On Thursday, the three companies plan to reveal support for Sitemaps .90, a protocol that lets Web publishers inform search engines about content on their sites.
"We just wanted to make it easy for site owners to have one file they could maintain on the site," says Vanessa Fox, product manager for Webmaster Central at Google.
"For a long time, most people in the search industry have thought it would be great to have a unified format to submit content to search engines," says Tim Mayer, senior director of global Web search at Yahoo. "There are a lot of sites that are difficult to crawl, like shopping sites or those with dynamic URLs. This enables a publisher to give us a feed of all the URLs for a specific site so we can access them."
A Sitemap is simply an XML file that describes a Web site's file and directory structure. Beyond identifying fresh content for search engines, Sitemaps help save bandwidth for publishers and search engines alike by avoiding unnecessary crawls to identify new or changed files.
"The quality of your index is predicated by the quality of your sources, and Windows Live Search is happy to be working with Google and Yahoo on Sitemaps to not only help Webmasters, but also help consumers by delivering more relevant search results so they can find what they're looking for faster," said Ken Moss, general manager of Windows Live Search at Microsoft, in a statement. "I am sure this will be the first of many industry initiatives you will see us working and collaborating on."

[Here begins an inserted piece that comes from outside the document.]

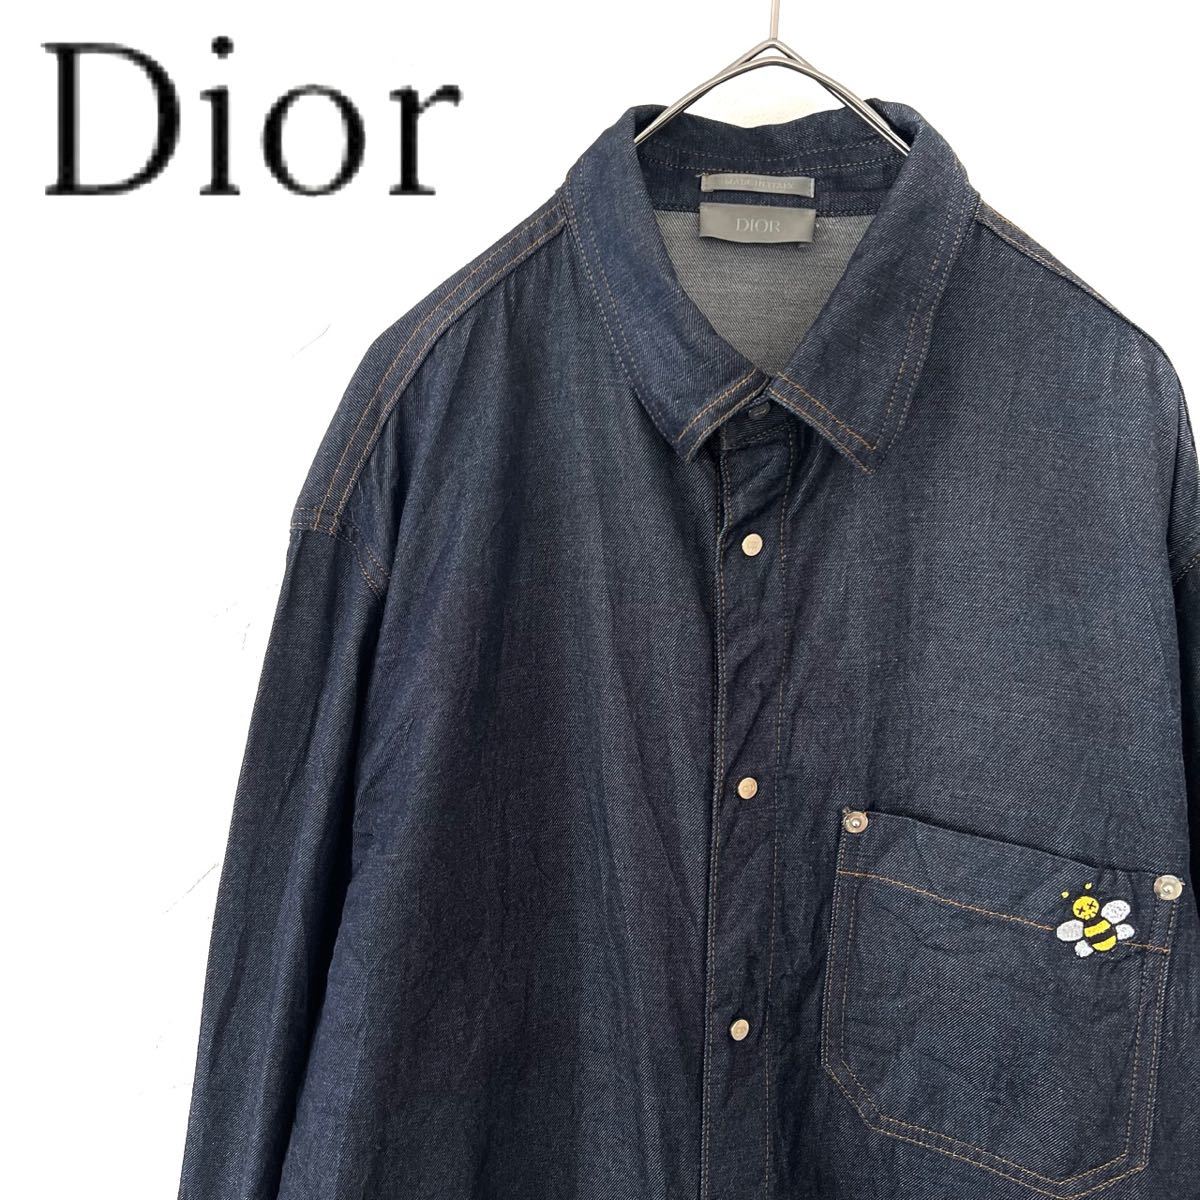 [ free shipping ]dior Dior kaws Kaws limitation collaboration Denim shirt men's M 19aw bee bee bee long sleeve rare goods rare

Sitemaps augment rather than replace search engine crawls. And they do not limit the visibility of files to search engines. That's a function of the robots.txt file, which is used to prevent files from being indexed (though not all crawlers obey).
Publishers have been asking for standardization for how search crawlers and other bots deal with directives in a robots.txt file, says Mayer, who indicates the large search engines are open to input about this.
Further information can be found at Sitemaps.org.